I imagine if the Cubs were to get this contract, and thus help the Mets stay under the 90 percent luxury tax level, the cost probably wouldn’t be as high on expectations. With the signing of Omar Narváez, the Mets didn’t need McCann anymore.


The Cubs have been linked with two free agent hitters who might help them out: Michael Conforto and Trey Mancini. Either one could be a DH, with Mancini also providing the possibility to platoon at first base with Matt Mervis.

There are downsides here: Conforto missed the entire 2022 season after shoulder surgery (and turned down an offer to qualify for the Mets after 2021, which was a huge mistake in hindsight). That injury also affected the 2021 season. If Conforto is 100 percent healthy, it could be a huge boost for the Cubs lineup that it could use. A two year deal will be worth it.

Mancini missed the entire 2020 season for cancer, then came back in 2021 and had a good year in Baltimore, then not so well after his trade to Houston at a deadline last summer. That would be the caveat here – would it be better than the .176/.258/.364 he scored in 51 games with Houston? (He also went 1-for-21 with eight strikeouts for the Astros in the postseason.)

Starting pitchers

The Cubs could still meet again with Drew Smiley or Wade Miley, pitchers who were on the team in 2022 with varying degrees of success. Smyly, in particular, wouldn’t be expensive.

I’ve written here previously about Corey Kluber and Johnny Cueto, both of whom are getting up there in age (Kluber turns 37 in April, Cueto turns 37 in February). But Cueto had a great year with the White Sox and Kluber threw well enough for the Rays (and, more importantly, was healthy all year), leading the MLB in walks per nine innings pitched average (1.2, only 21 walks in 164 innings pitched).

relief jugs

I previously wrote about former Cub Andrew Chaffin, who had a great season with the Cubs in 2021 before being traded to Daniel Palencia and Greg Dishman. (Well, at least Valencia still has a chance of being very good.)

Chaffin had a decent year in Detroit and will turn 33 in June, still young enough to put together a solid season. He seemed to love pitching for the Cubs and might be willing to come back.

Other relievers who could be good value deals: Adam Ottavino, Alex Reyes, Taylor Rogers, and three other former Cubs: David Phelps, Mikal Givens and Craig Kimbrel.

Yes, Kimbrel. Is it worth it to bring the former cubs back to a closer location at a much lower salary?

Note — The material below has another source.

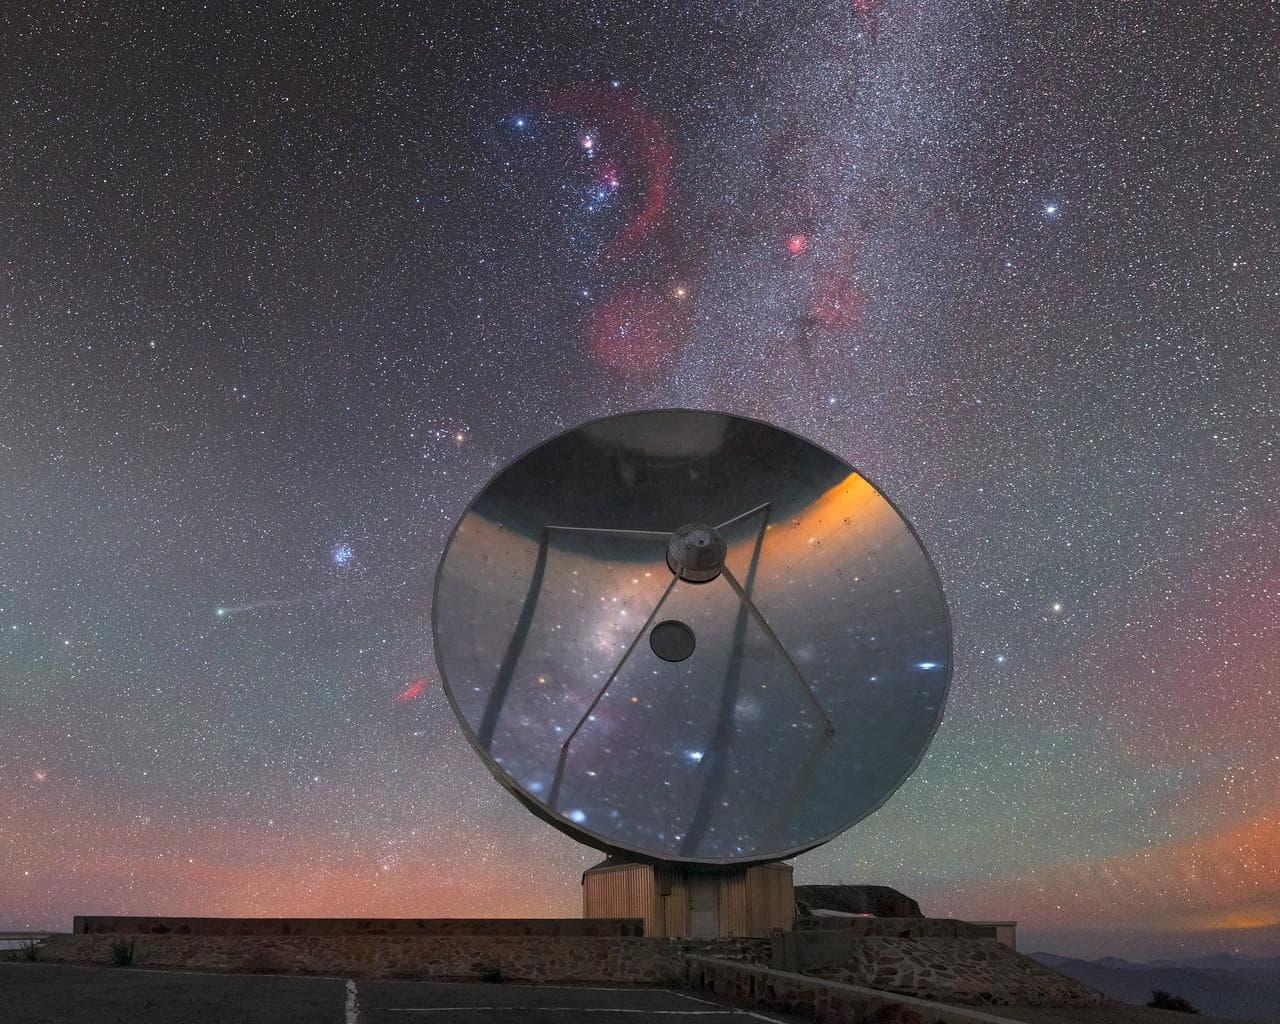 Фото дня: маленький одинокий телескоп

Just to bring this article back to a bit of the Swanson discussion: There is absolutely no doubt that Swanson, a Gold Glove winner, makes the Cubs a better defensive team. Nico Horner would move to second base, which is where he was a Gold Glove Finalist in 2020. Cody Bellinger is a Gold Glove-caliber center fielder. This is important, especially with the new shift restrictions:

“It’s really important to have a good centerfield defense,” Cubs president of baseball operations Jed Hoyer said this month. “Midfielder, you can’t hide in the shift anymore. So I think this is going to expose these guys even more, and make the sport and defense in midfield that much more important.”

At this point, I feel it necessary to link back to this National Review article, the one that had the 2016 Cubs as one of the best defenses in MLB history:

National Review

Now, of course, the Cubs had other things working in their favor besides great defense, but I think that combined with the adjustments teams will have to make to the new changed rules makes quarterback defense that much more important going forward. I give Jed Hoyer credit for realizing that.

So while the Cubs still have more to do, I still state – again – that I believe the Cubs with Dansby Swanson and some of the other signings they’ve made so far this offseason make them at least a contender for the champion. . Yes, they have more work to do, but I’ll give Hoyer a good grade so far – and yes, if they were heaving on Swanson, there’d probably be another “Fire Jed Hoyer” article posted here.

But they didn’t — and now the Cubs are sixth among all teams in total dollar amount spent so far this offseason:

I am very happy with what the team has done so far. As always, we await future developments.


Give Jed Hoyer a score for the Cubs offseason so far.